Her eyes grow distant. “I was thirteen when I first healed someone I shouldn’t have been able to heal—a wolf hybrid servant in my father’s house. Cross-species healing isn’t common among fae. That’s when I knew my path would be different.”

“What happened after?” I prompt, wanting to understand more.

“My father tried to contain it—make me practice only on ‘appropriate patients’.” Her jaw tightens at the memory. “He had very specific ideas about who deserved my gift and who didn’t. Bloodlines mattered more than need. Status more than suffering.”

“But you didn’t agree.”

“I couldn’t.” She sets down her glass, her hands coming to rest in her lap. “The more he tried to restrict me, the more I understood that healing isn’t about politics or propriety. It’s about recognizing that pain doesn’t care about species or status.”

I find myself hanging on her every word, noticing the elegant curve of her neck, the way her fingers absently trace patterns on her glass when she speaks of things that matter to her.

“Is that why you left? To get away from those restrictions?”

“Partly. But I also wanted to learn from healers who understood that life force is universal, not bound by the arbitrary lines we draw between species.” Her forest green eyes meet mine. “This pack doesn’t fit traditional molds. Neither do I.”

She’s quiet for a moment, her eyes on her plate. When she looks up, there’s something thoughtful in her expression. “You kept everyone safe while I focused on healing. I couldn’t have done it without knowing you had everything else handled.”

“Works both ways,” I say. “You saved them. I just made sure nothing got in your way.”
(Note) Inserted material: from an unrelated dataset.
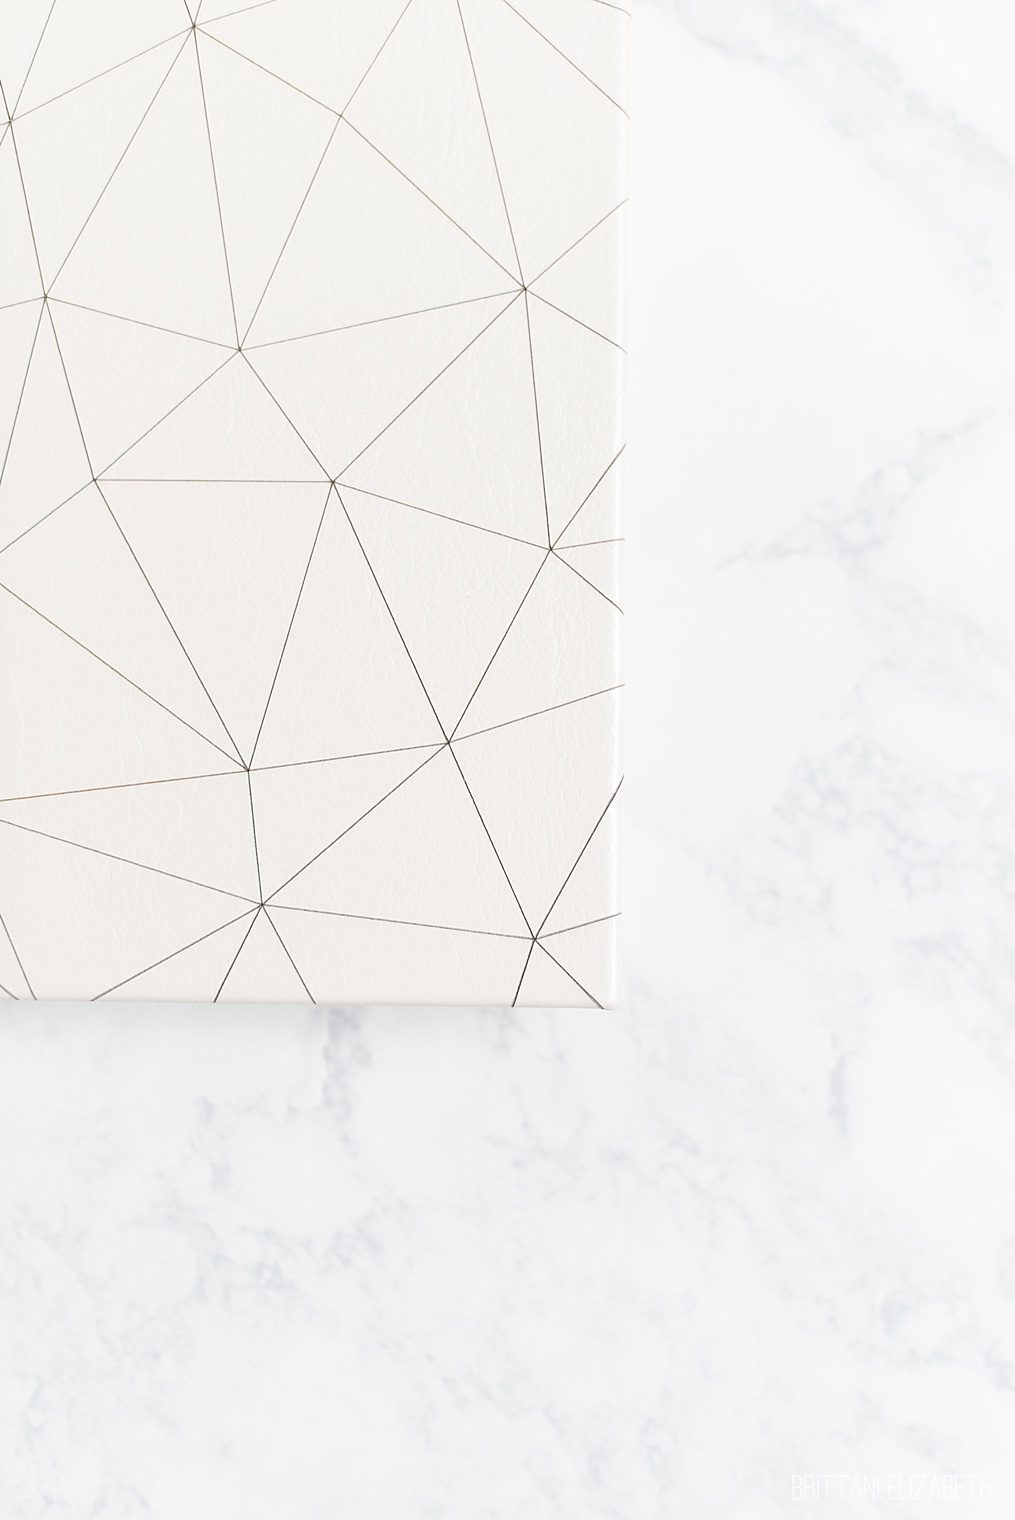 geometric-white-leather-wedding-album-0007

Her smile is soft. “Still. Thank you.”

I watch her smile as she finishes the last of her food, and something settles in my chest—a certainty I haven’t felt in a long time.

This matters. She matters.

Not just because she saved the pack, though that’s part of it.
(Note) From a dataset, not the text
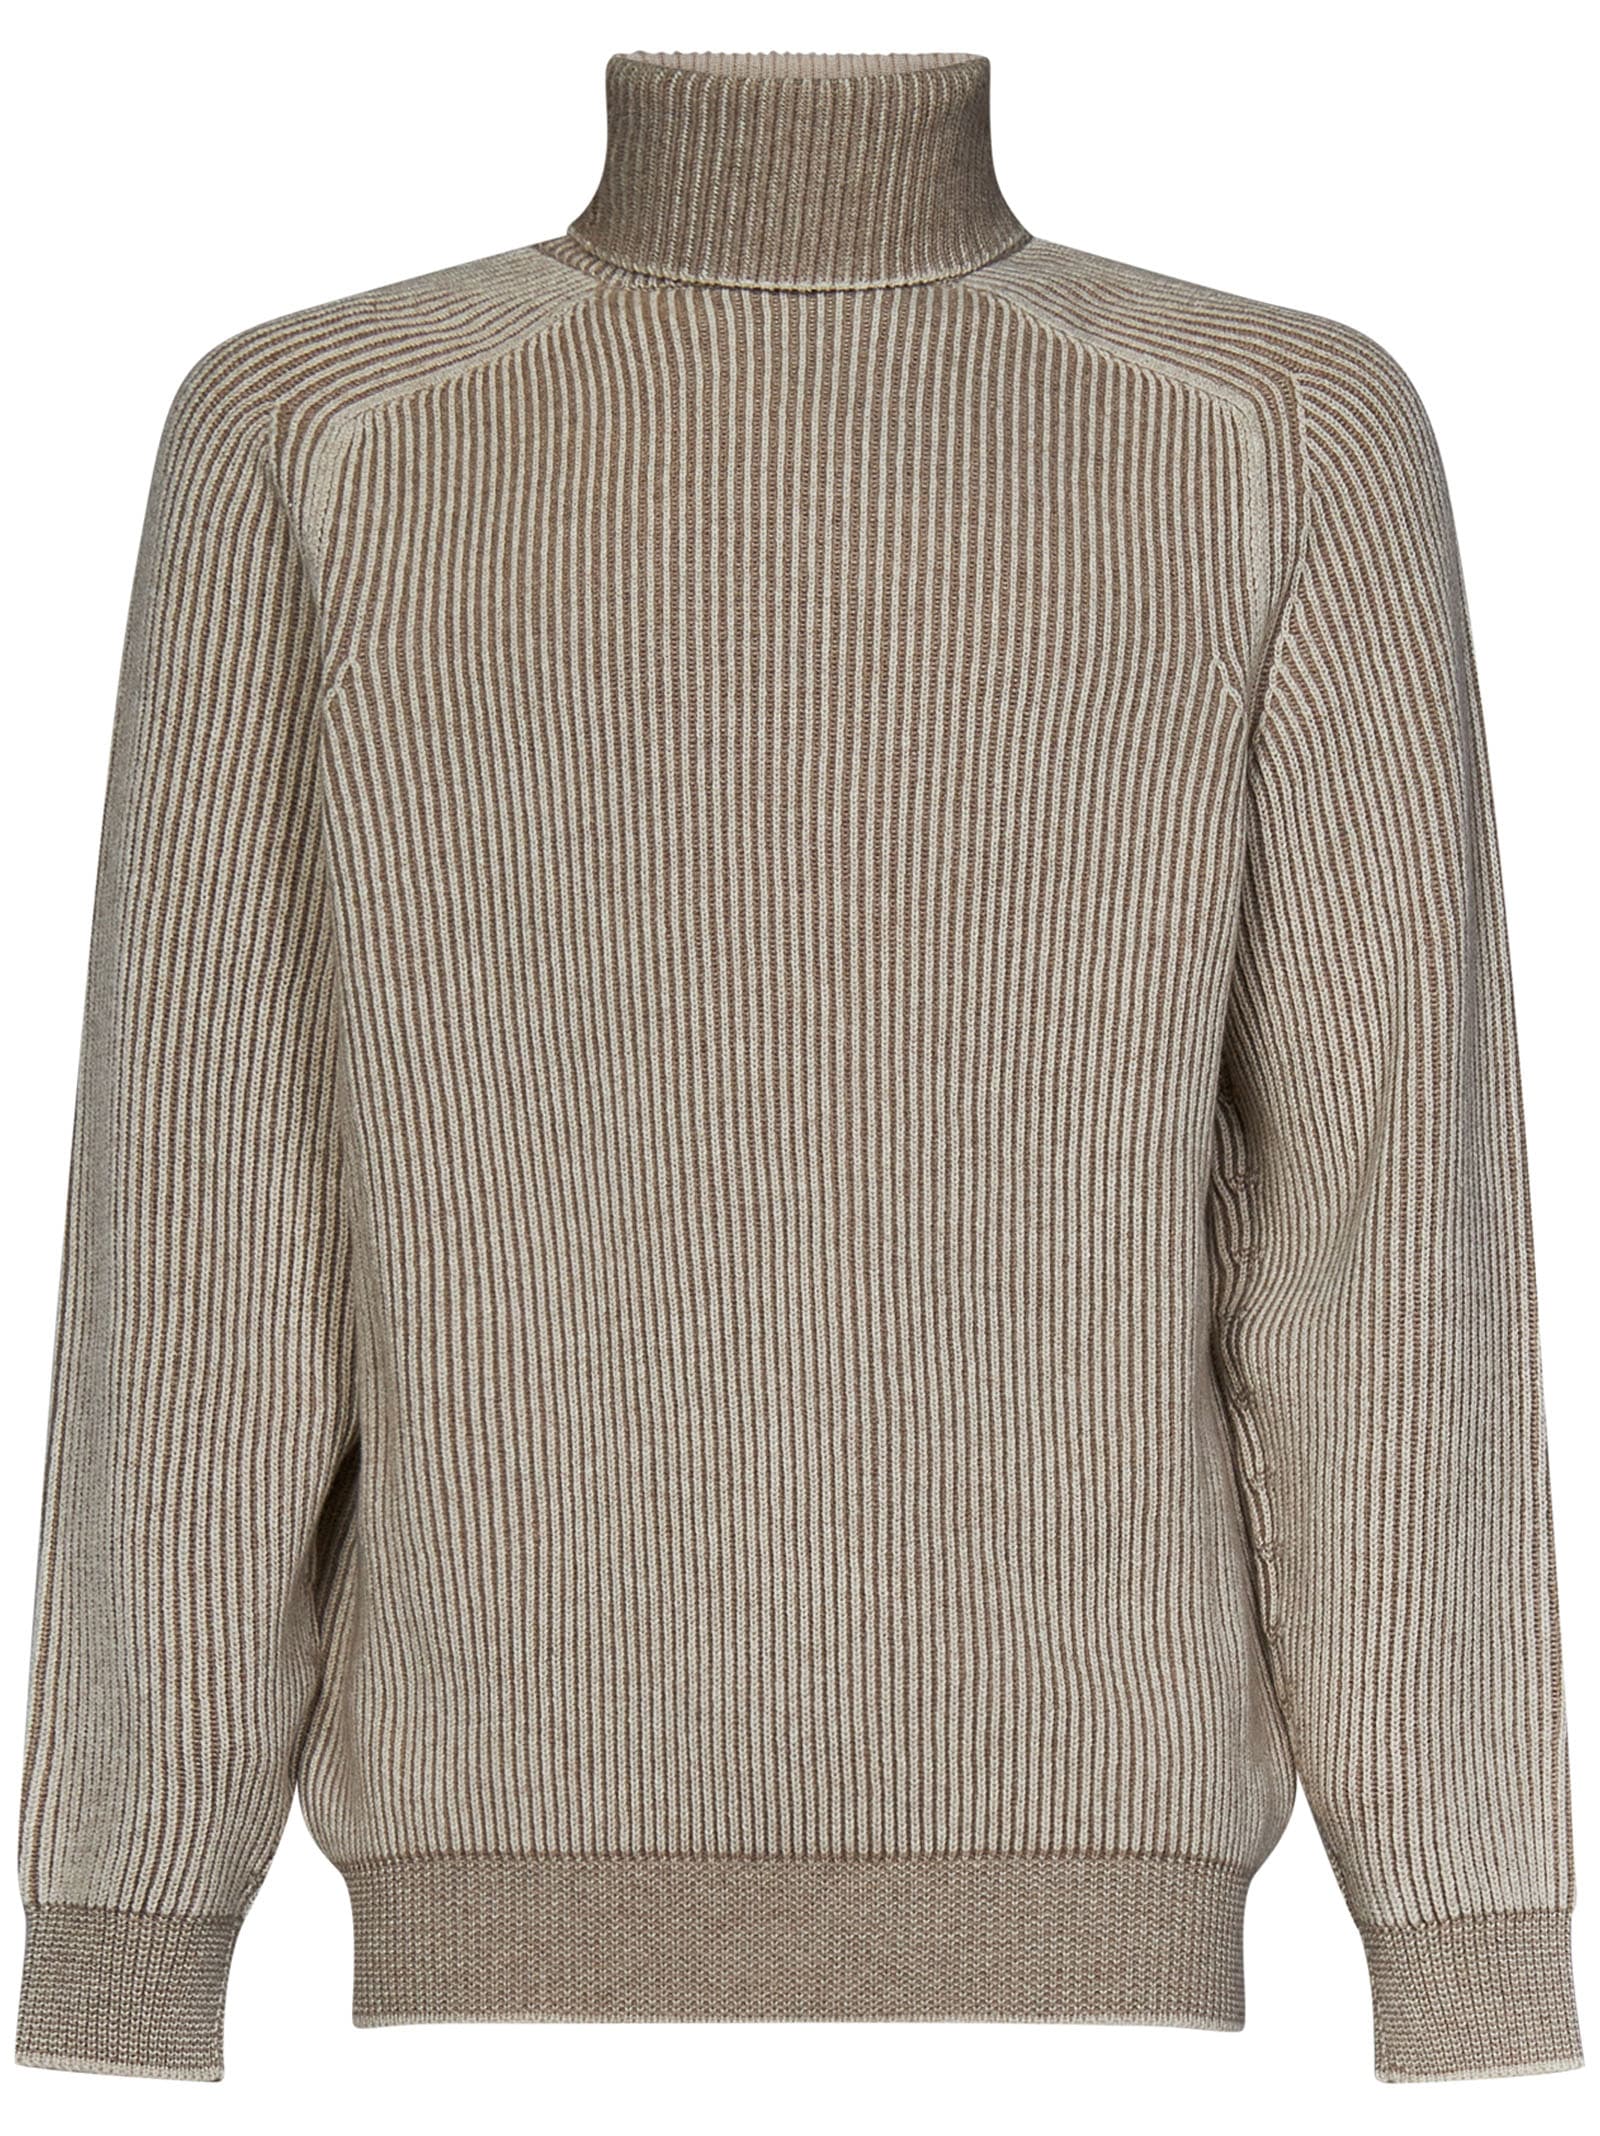 Shop Sease Sweater

Not just because she’s beautiful, though she is.

It’s the way she challenges traditional boundaries while still honoring what’s worth preserving.

The way she chose healing over politics.

The way she sees protection as something other than control.

The celebration continues around us—laughter, conversation, the clink of glasses. But this alcove feels separate. Private.

“I’m glad you came to Ash Hollow,” I say, meaning it in ways that have nothing to do with her healing abilities.

“So am I.” Her eyes hold mine, and there’s something in her expression that tells me she understands exactly what I’m not saying.

I should say something. The words are right there, pressing against my teeth.

Ask her to dinner. No—too formal. Coffee? Too casual. Just tell her you want more time with her.

My mouth opens, but nothing comes out. Tactical planning, threat assessment, pack security—those I can do in my sleep. But standing here watching firelight catch the gold in her hair, I can’t string together a single coherent sentence.

Mateo’s voice cuts across the room. “Dessert’s ready! If you don’t come now, Kari’s going to eat all the good stuff!”

Lyanna laughs softly, the spell broken. She squeezes my arm once before moving toward the others.

I let her go. Watch her walk away.

Maybe that’s okay. We have time now. And some things are worth doing right.